I learned yesterday that the falloff of gravity for a spherical mass is exactly the same as for a point mass outside of the mass, and just reduces linearly to zero at the center inside the mass.

This was surprising to me; I wouldn't have expected such a non-smooth function.

(This assumes a uniform distribution of mass of course, which Earth does not have.)

8 comments
Rune Skovbo Johansen

Gravity is special in that it's a vector and they begin to cancel out inside the sphere, but this is not the case for all things that follows falloffs based on distance, for example light or sound.
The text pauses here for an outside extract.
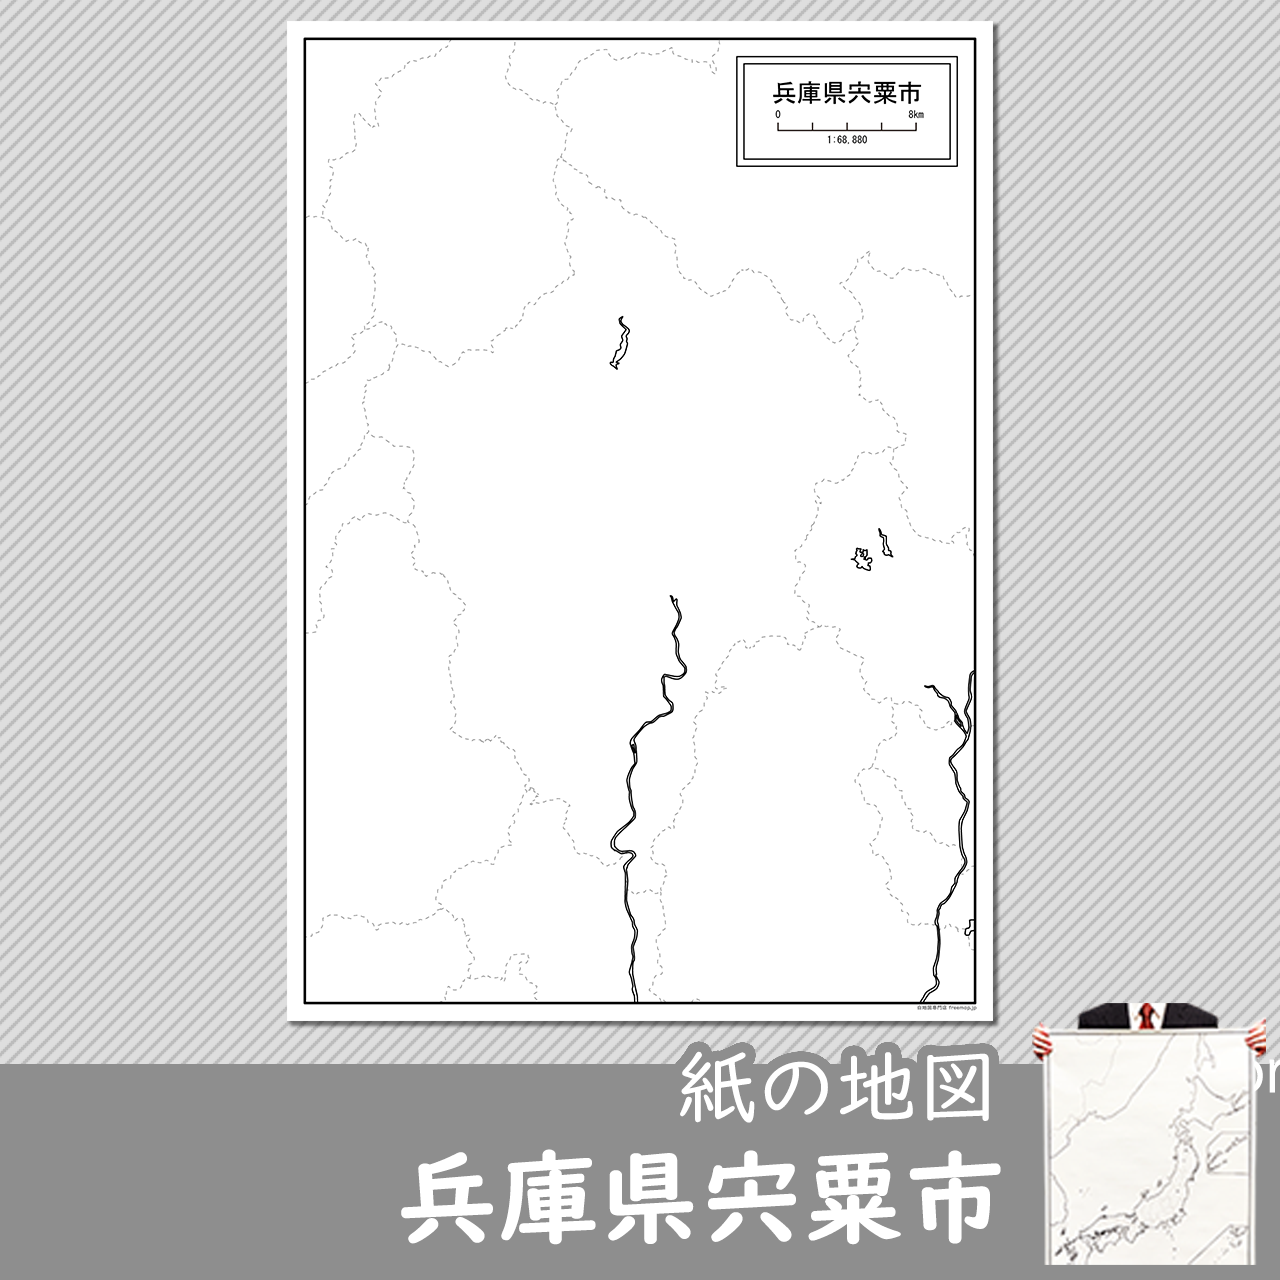 宍粟市の紙の白地図のサムネイル

I haven't been able to find out what the falloff function is for sound or light for a non-point source (for example a sphere or disc). Anyone know?

WildRikku

@runevision I don't know for discs or anything like that (university said, that's too complicated), but isn't a sphere like a point in the sphere center but with some of the initial distance being inside the source? I'd say that's approriate.

Anders Lindqvist

@runevision A consideration here is that when you get far enough away from the source of sound you are probably in space and there sound doesn't propagate at all :)

Rune Skovbo Johansen

@breakin Indeed! but my concern is with controlling the volume of a sound source without it becoming arbitrarily high as the listener approaches the center. And I'm hoping for a better solution than the typical one of just arbitrarily capping the value to some maximum value.

Krystof Klestil

@runevision oh that's interesting indeed, I first thought this would be a fairly straight standard thing but colour me surprised

Marc

@runevision Another (possibly related) fact is that if you want to remove 25% of the surface area of a sphere you only need to cut through at a plane that's half the radius away from the centre, i.e. one that from a 2D perspective is 25% up the sphere. I reckon this and your gravity one come down to similar maths.

Tom Forsyth

@runevision This is because the gravity field anywhere inside a sphere (due to the sphere) is zero - all the directions cancel each other out.
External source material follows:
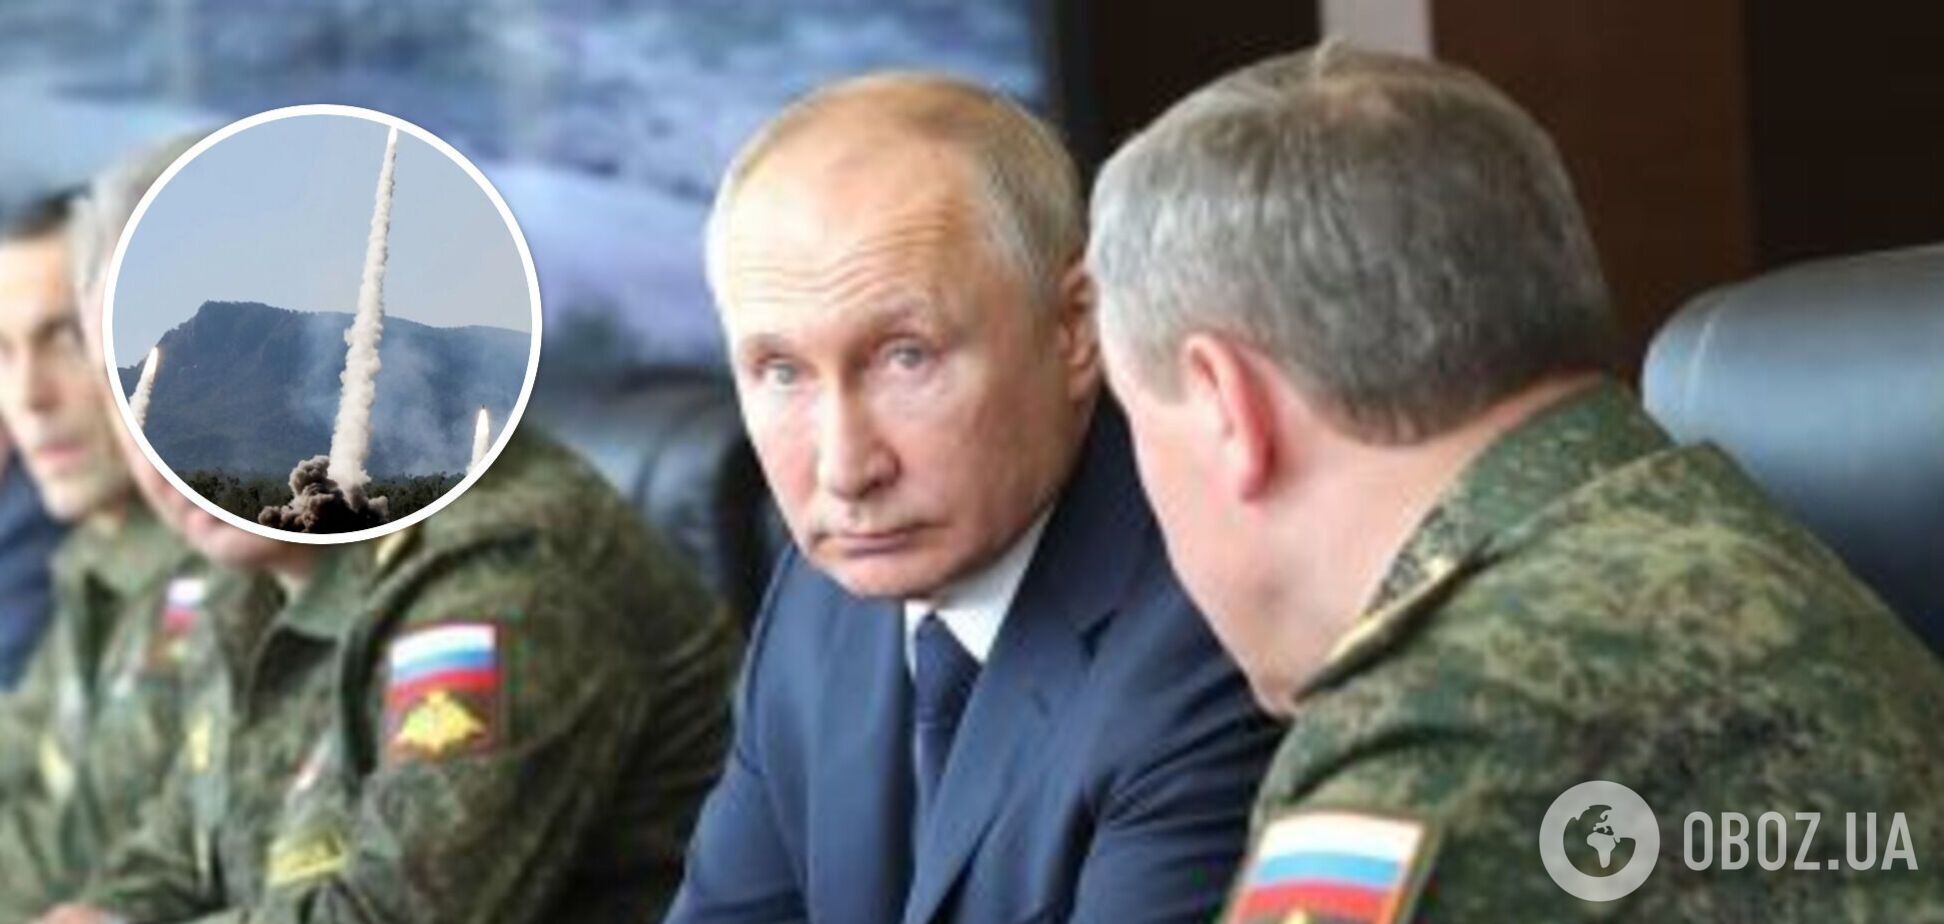 Ударная группировка РФ может появиться на севере за три дня: Жирохов указал на опасность

The gravity field of a sphere you're not inside is as if all the mass is at the center.

So as you travel out, all you're feeling is the sphere "below" you, which is increasing in mass according to r^2, but also its center is getting further away by r. Divide one by the other = linear.

It's neat that two simple-but-surprising results give a third.

Rune Skovbo Johansen

@TomF Yeah I learned about the Shell Theorem as part of learning this. :) It's neat indeed.